:: Provided data ::
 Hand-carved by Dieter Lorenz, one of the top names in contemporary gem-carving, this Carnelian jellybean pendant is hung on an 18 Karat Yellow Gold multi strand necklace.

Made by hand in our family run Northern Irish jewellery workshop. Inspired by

--

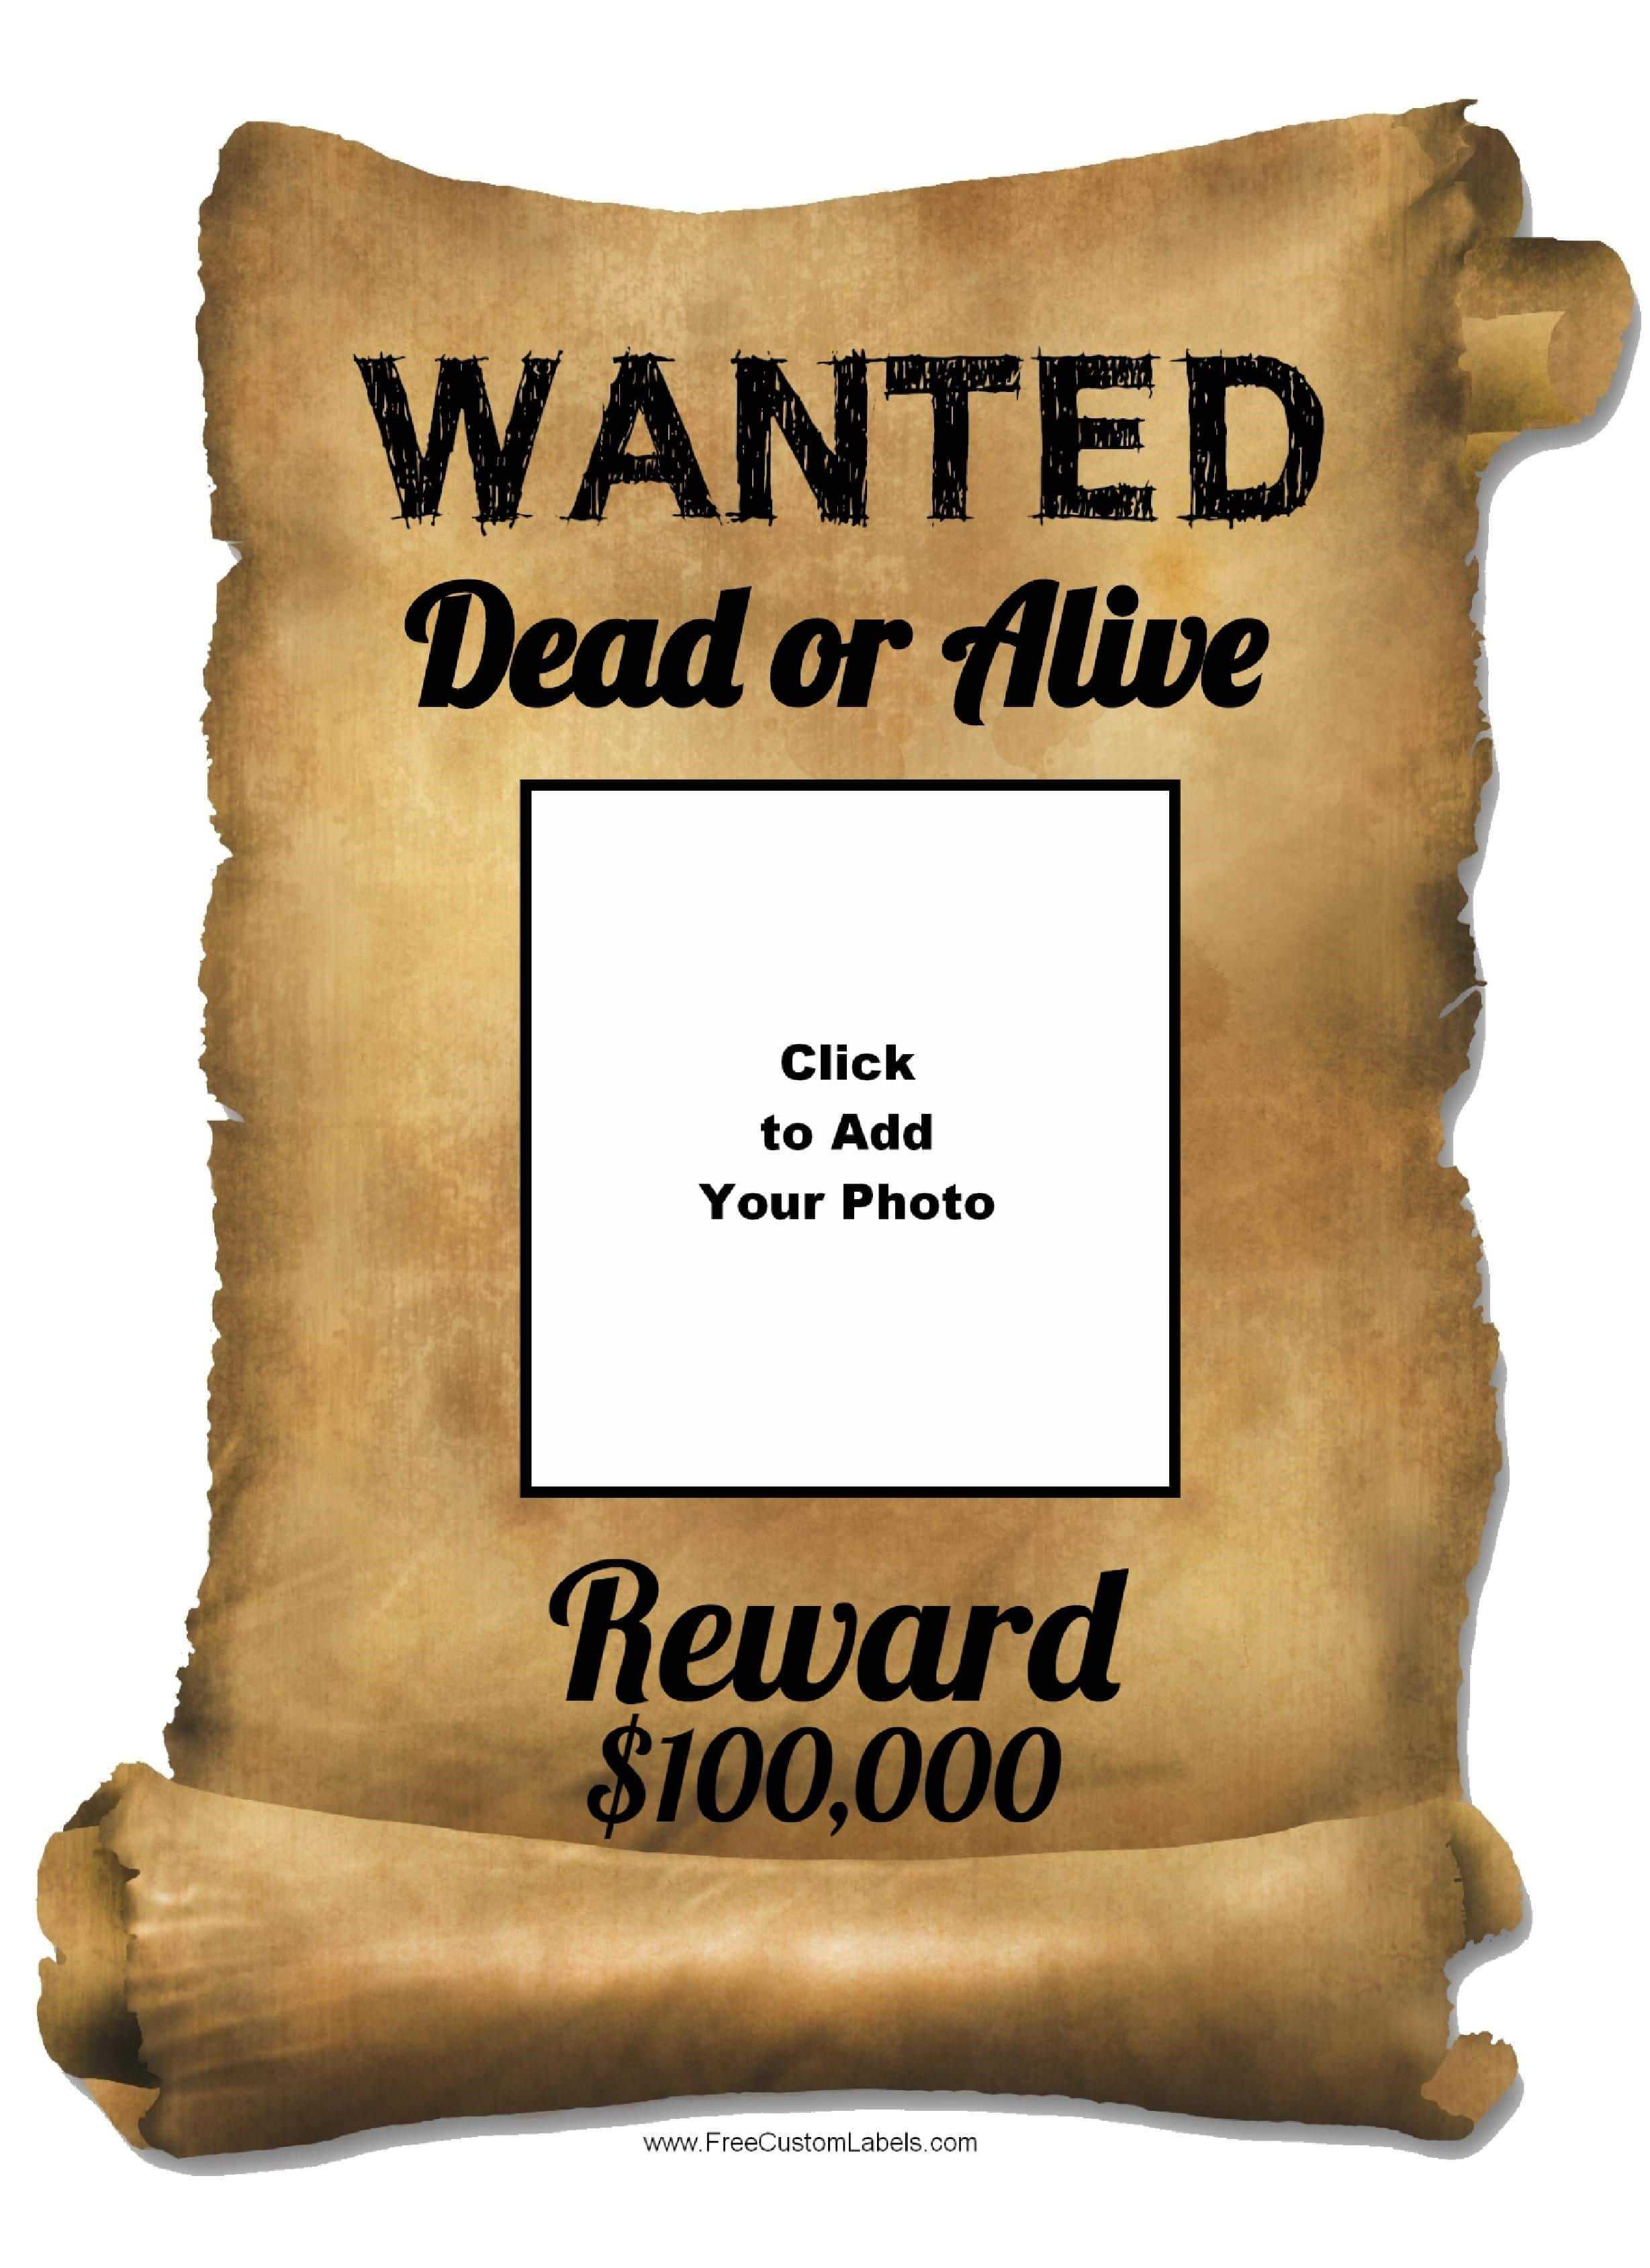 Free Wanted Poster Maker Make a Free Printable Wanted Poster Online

:: Assignment ::
Print exactly the lines of the listing above starting at the line containing "Hand-carved by Dieter" and ending at the line containing "Made by hand", both included.

:: Output ::
 Hand-carved by Dieter Lorenz, one of the top names in contemporary gem-carving, this Carnelian jellybean pendant is hung on an 18 Karat Yellow Gold multi strand necklace.

Made by hand in our family run Northern Irish jewellery workshop. Inspired by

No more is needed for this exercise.